Als Schirn-Direktor Max Hollein 2006 die Leitung auch dieses Hauses übernahm, begann er mit einer grundlegenden Umstrukturierung des Hauses und der Sammlung, die mit dem jüngst eröffneten Schaudepot ihren Abschluss fand. Man kann sich den versierten Kunstmanager Hollein gut vorstellen, wie er mit seinem Kuratorenteam und den Architekten durch das Haus gezogen ist und in jeder Ecke gefegt hat: Nun ist die Institution gründlich entstaubt; auf 2200 Quadratmetern ist eingezogen, was international unter dem Begriff „zeitgenössische Museumspraxis“ gehandelt wird. Die wichtigste Entscheidung: Ein Drittel der Exponate wurde aus der Schausammlung geräumt und somit der einzelnen Skulptur mehr Platz gelassen. Die verbliebenen Figuren – von der „Frankfurter Athena“ (450 v. Chr.) bis zur „Ariadne auf dem Panther“ (1813–1814) – wurden aus dem White Cube befreit und vor kräftige, erzählende Farben gestellt: Die Wände sind sandgrau (Ägypten), lichtblau (Griechenland) und leuchtend rot (Rom), atmosphärischer Hintergrund und Leitsystem in einem. Derart in Szene gesetzt, scheint es, als würden die Skulpturen animiert und träten in Kontakt zu Besuchern und Räumen gleichermaßen.
Im Kontrast dazu ist das Schaudepot, das in drei Räumen mit 220 Quadratmetern im Untergeschoss eingerichtet wurde, in Anthrazit gehalten, mit weißen Lichtfeldern an der Decke. Die von Kuehn Malvezzi gewohnt unaufgeregte Gestaltung der Räume ist auch hier eine Wohltat: Die raumhohen „Einbauschränke“ und Vitrinen aus durchgefärbtem MDF sind kubisch und klar, sie bilden eine Familie mit den Sockeln der Schausammlung und dem Tresen aus schwarzem Glas und Leder im Foyer. Im Schaudepot hat ein Teil der aus dem Erdgeschoss verbannten Exponate Platz gefunden, profan sortiert nach Größe, Material und konservatorischen Aspekten. Aufgereiht wie im Küchenschrank stehen Figuren unterschiedlicher Epochen nebeneinander, erleichtert vom Ballast der Geschichte. Wie im Kölner Kolumbamuseum kann man einen Plan zur Hand nehmen und die eigenen Mutmaßungen überprüfen: Die Besucher werden forschend tätig.

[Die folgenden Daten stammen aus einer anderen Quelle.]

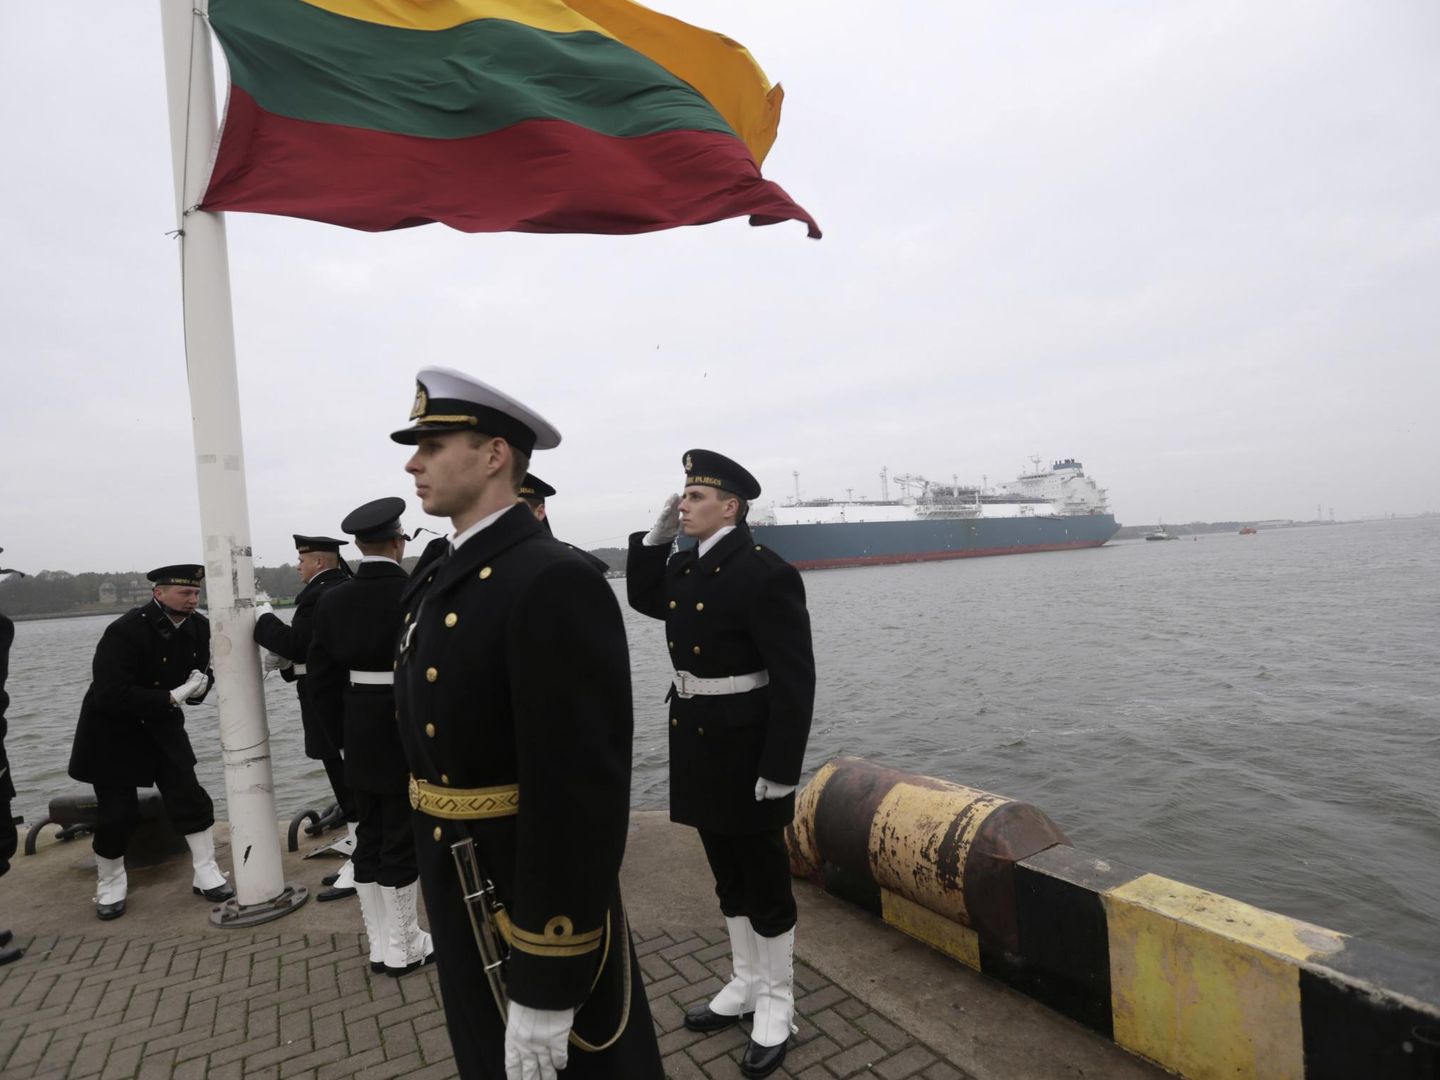 Miembros de la marina de Lituania izan la bandera nacional mientras la unidad flotante de regasificación y almacenaje (FSRU) 'Independence' es escoltada hasta la terminal de LNG en Klaip?da, en octubre de 2014. (Reuters)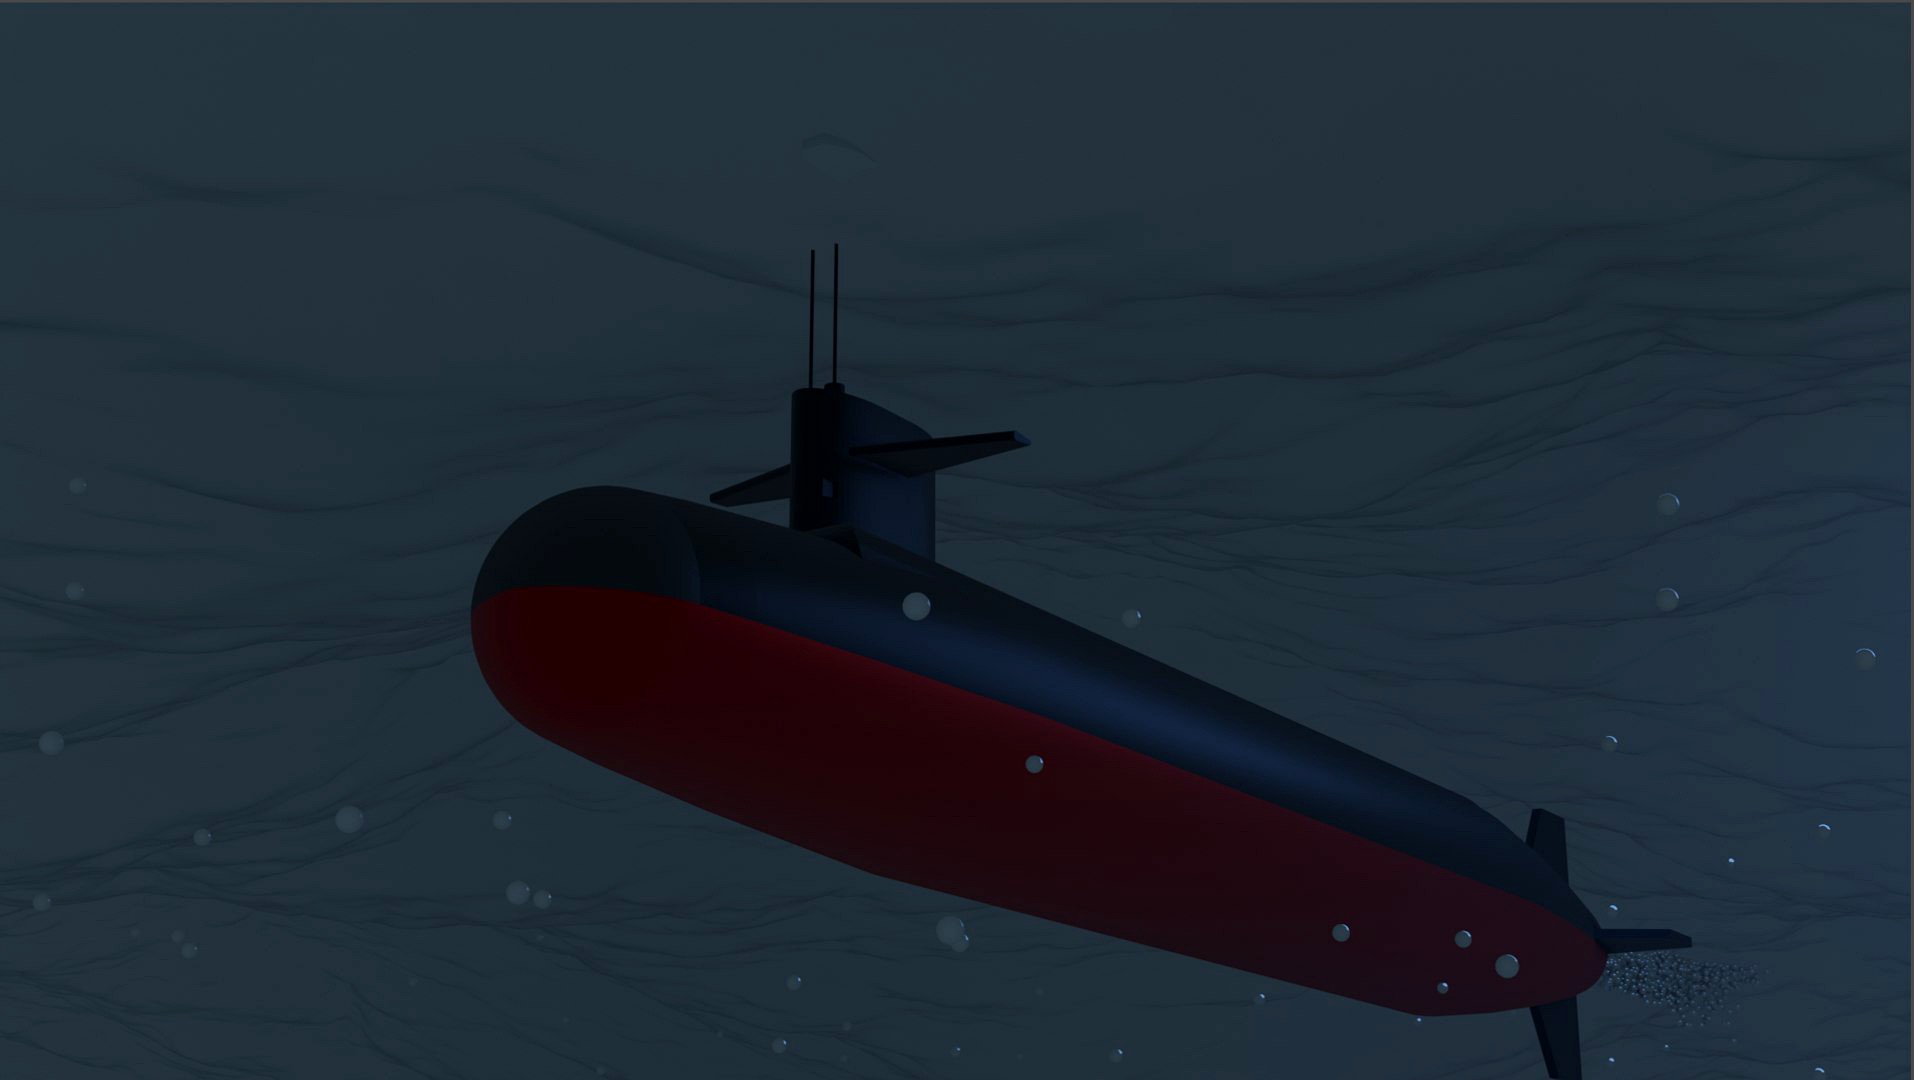 Ohio-class submarine scene

Auch im Dachgeschoss werden die Gäste in das Geschehen hineingezogen – vorausgesetzt, sie finden den Weg in den Bereich „Sammeln und Forschen im 19. Jahrhundert“, zu dem nur ein kleiner Hinweis führt. Zur Neuordnung des Hauses gehört, dass die Museumsverwaltung, die bislang unter dem Dach saß, eine Etage tiefer gezogen ist und nun über eine enge Treppe der Aufstieg in die ehemaligen Privatzimmer des Barons möglich ist. Die „Studioli“, so der Name der zehn kleinen Räume, sind eine Entdeckung für sich – und das nicht nur, weil die Besucherführung sie als solche inszeniert: Verwinkelte, holzgetäfelte Gemächer mit Ausbuchtungen für Fensterplätze, von denen aus der Blick durch die alten Bäume hindurch über den Main schweifen kann. Fast beiläufig liegen Folianten mit Schwarz-Weiß-Fotos auf dem Tisch, die die Räume in ihrer ursprünglichen Benutzung zeigen, hier das Bett des Barons, dort sein Schreibtisch. Vom museumspädagogischen Zeigefinger bleibt man, wie im ganzen Haus, auf angenehme Weise verschont.